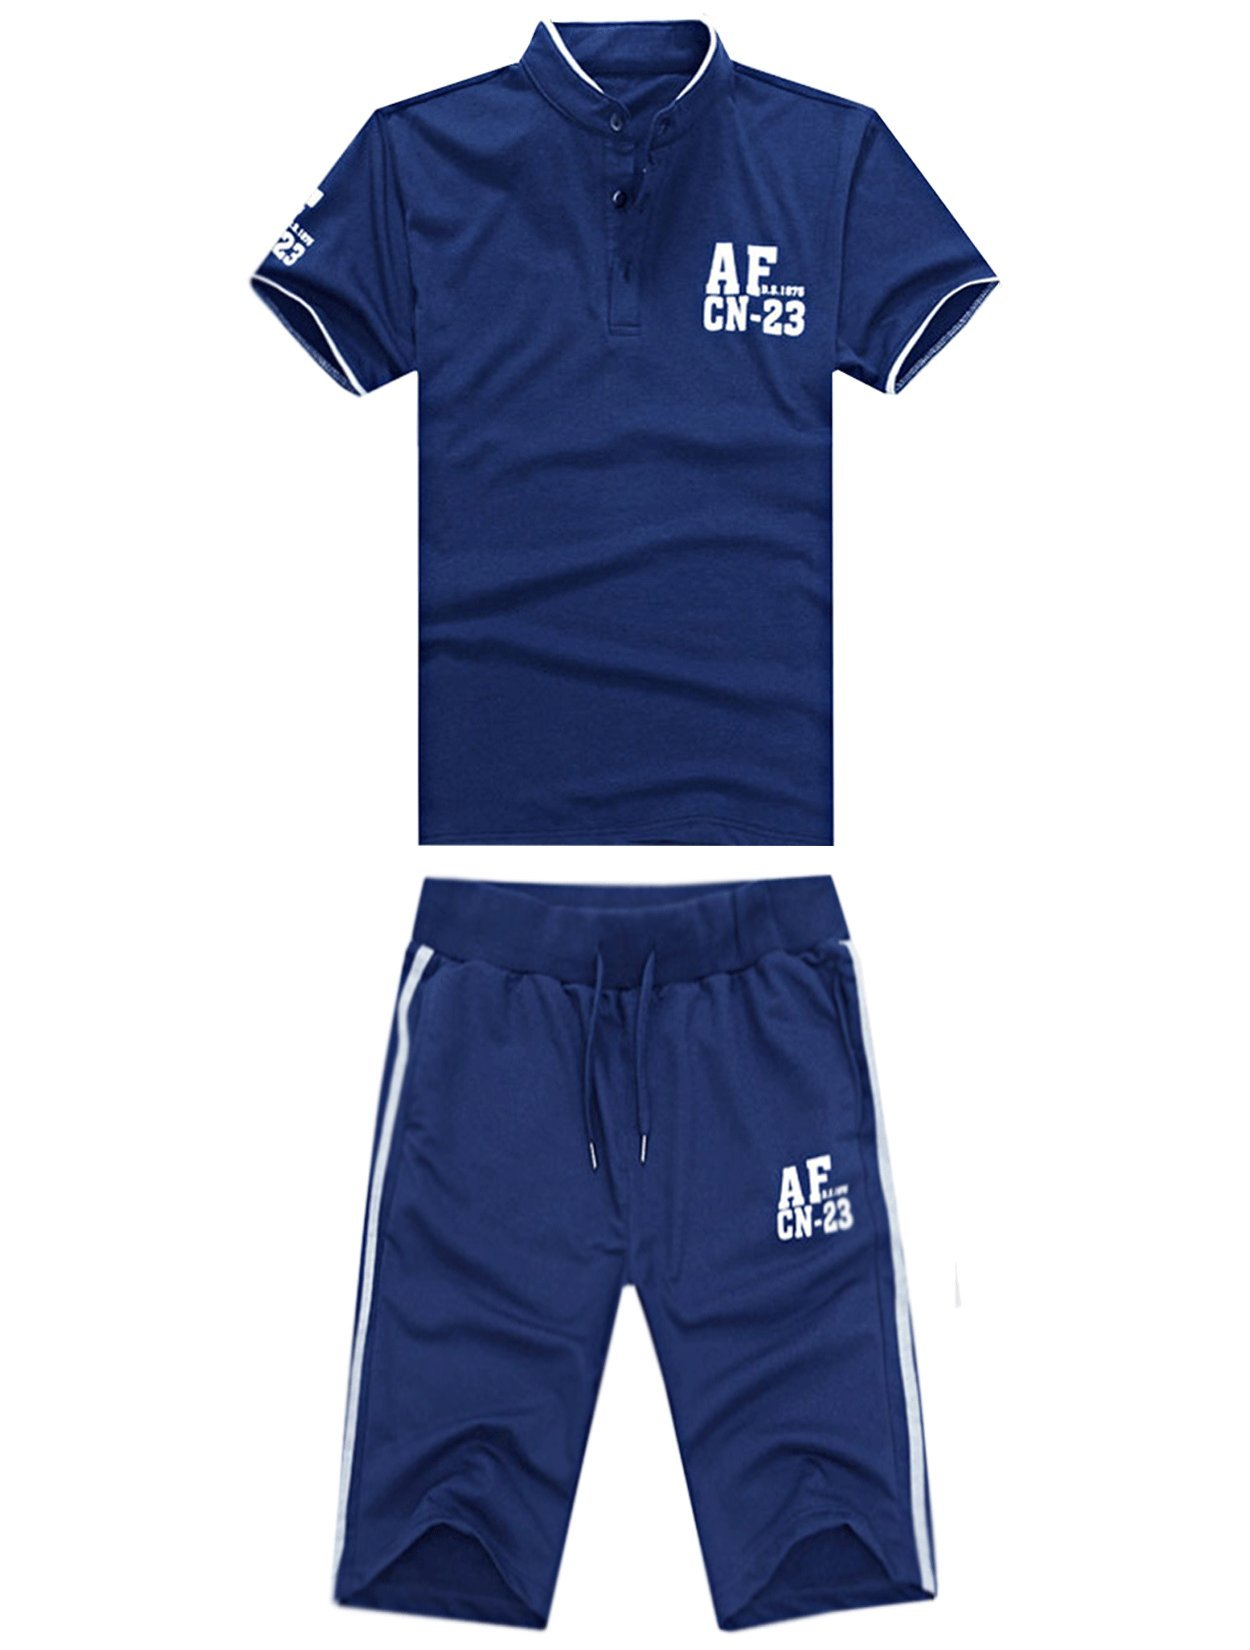 Unomatch Boys Tennis Clothing Short Sleeve T-shirt with Raid Shorts (Medium, Blue)
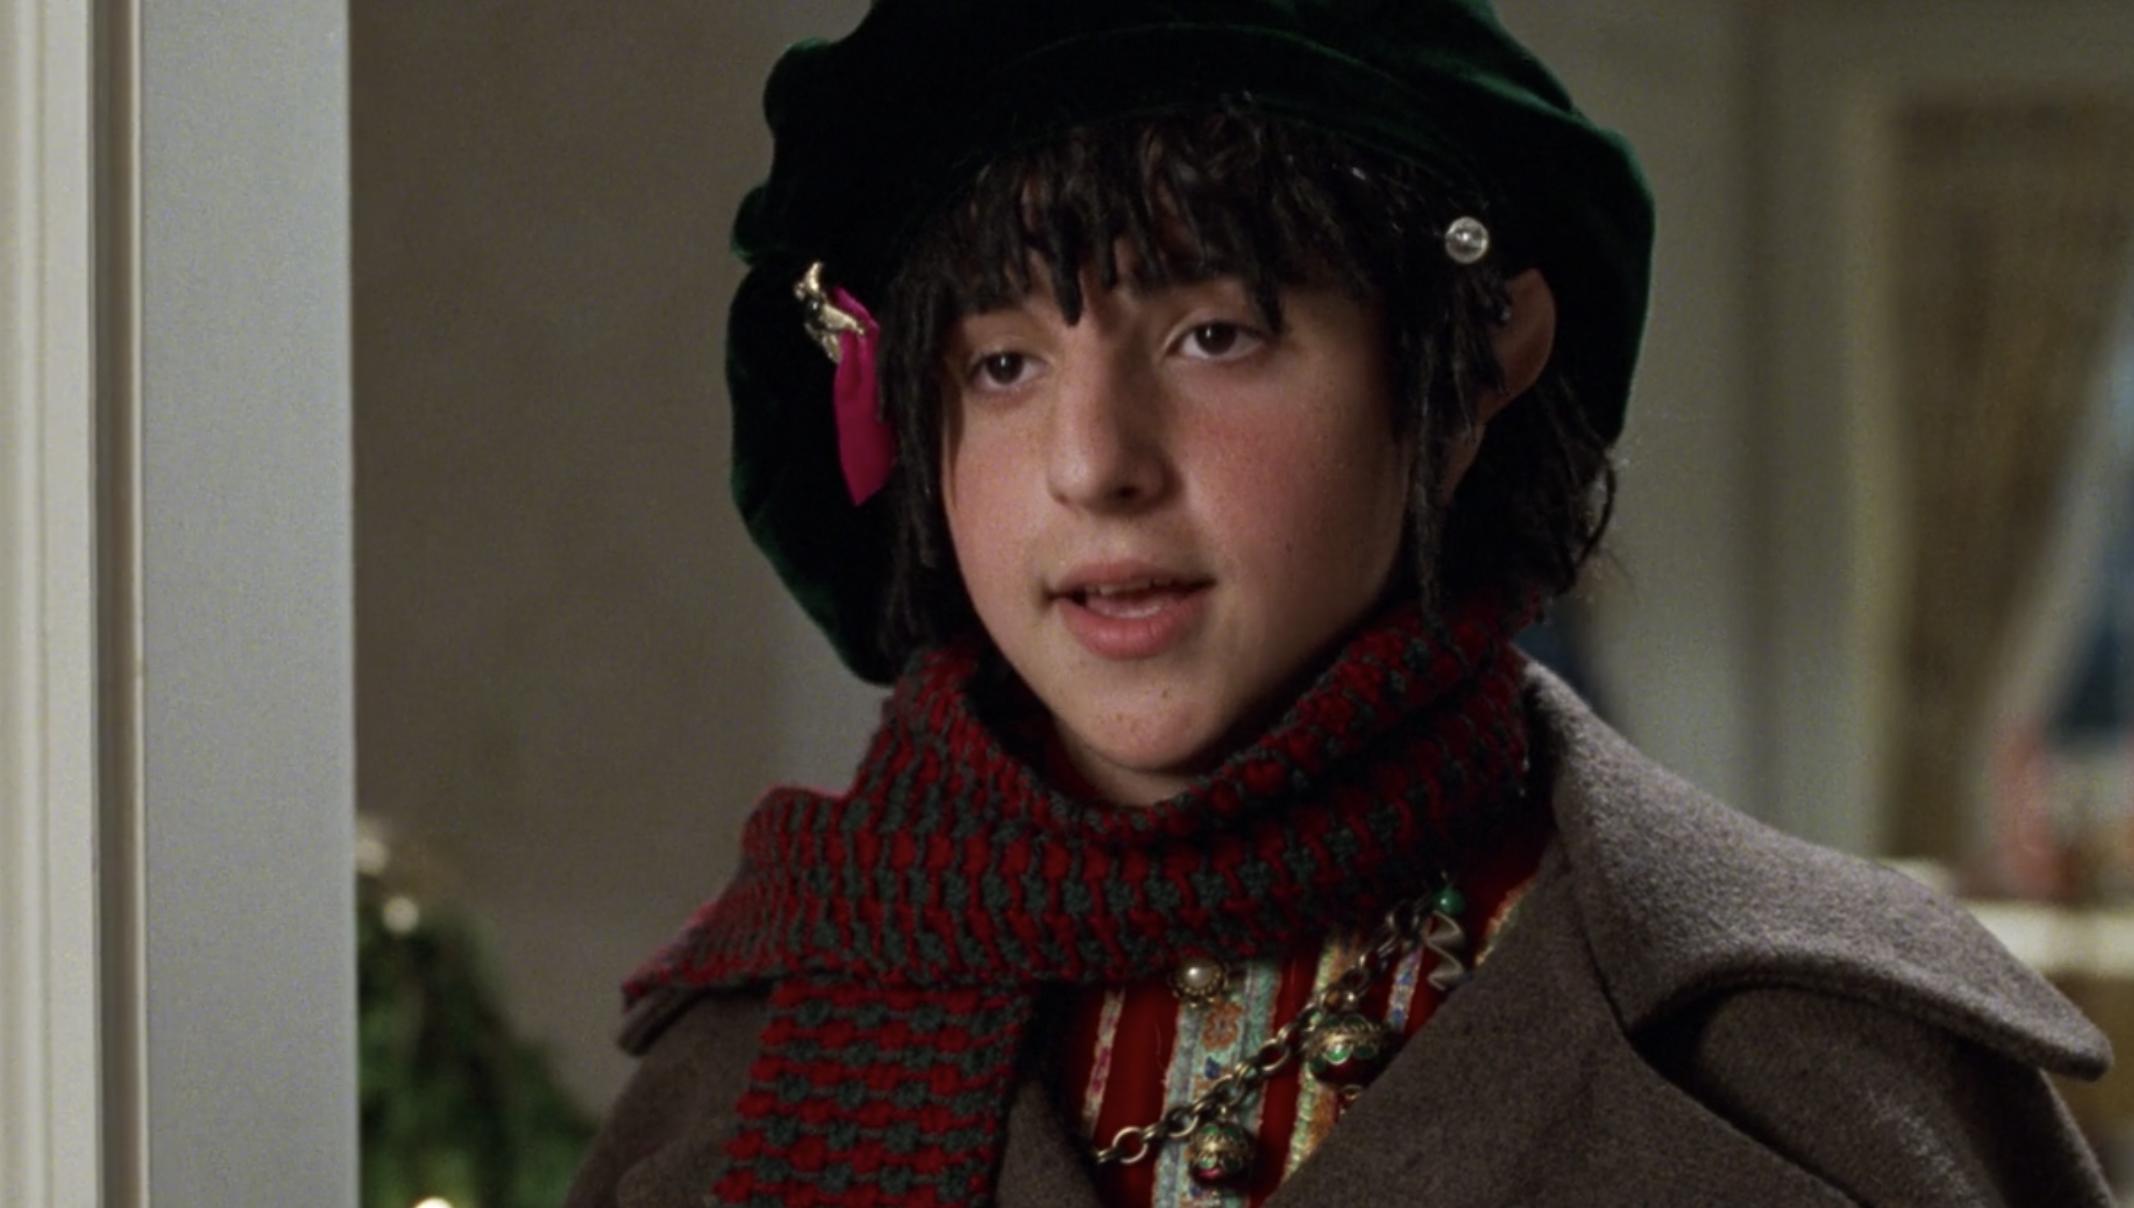 Bernard the elf in Scott's house
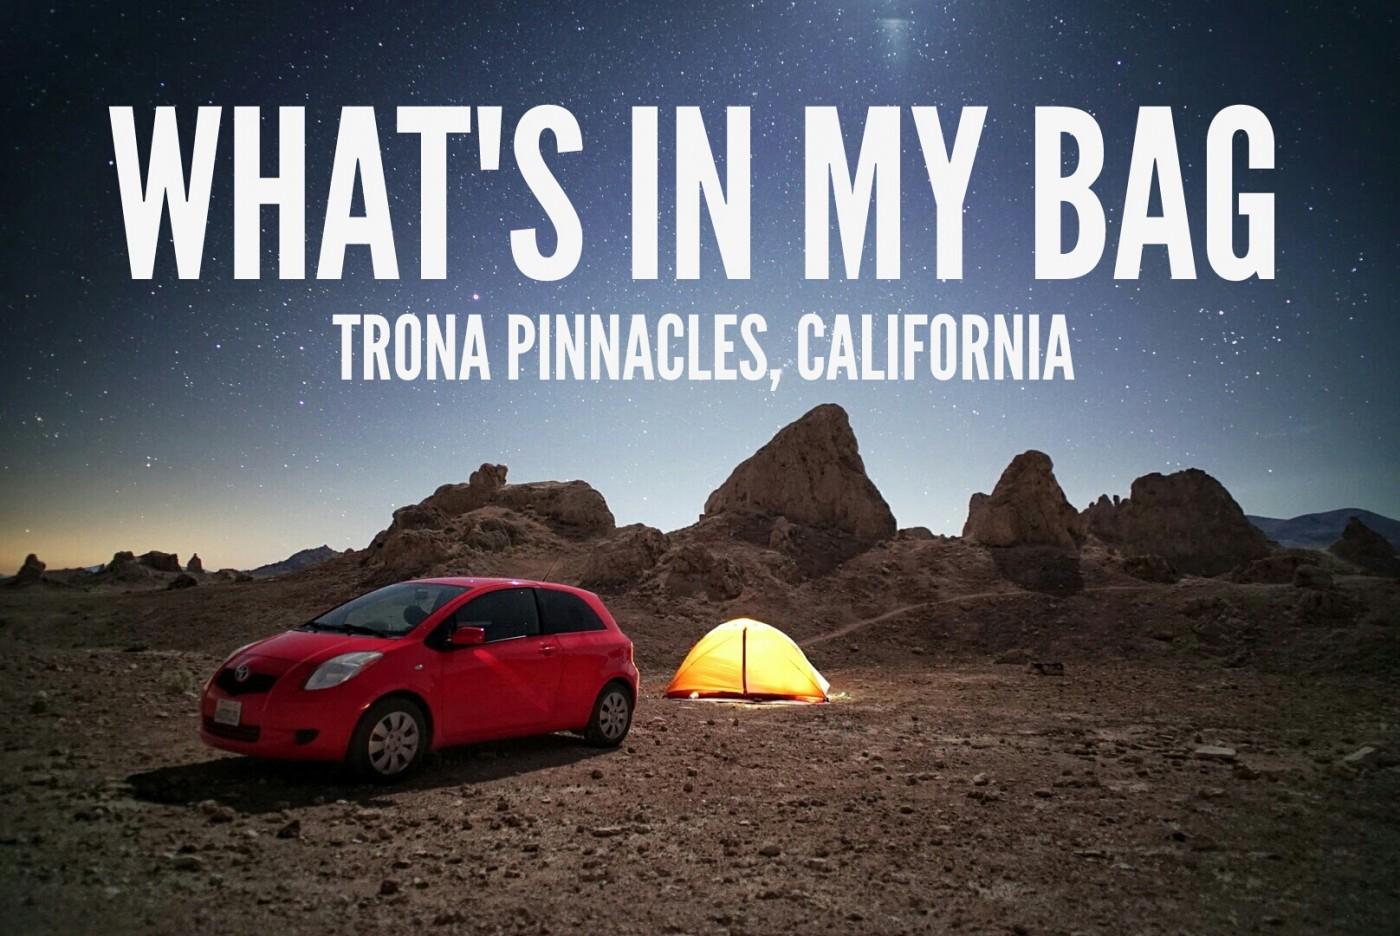 What's In My Bag - Trona Pinnacles, California

**AIM OF THE EXERCISE:** Word-for-word output of the material above is needed, with the pictures left out.

**EXERCISE SOLUTION:**
 Unomatch Boys Tennis Clothing Short Sleeve T-shirt with Raid Shorts (Medium, Blue)
 Bernard the elf in Scott's house
 What's In My Bag - Trona Pinnacles, California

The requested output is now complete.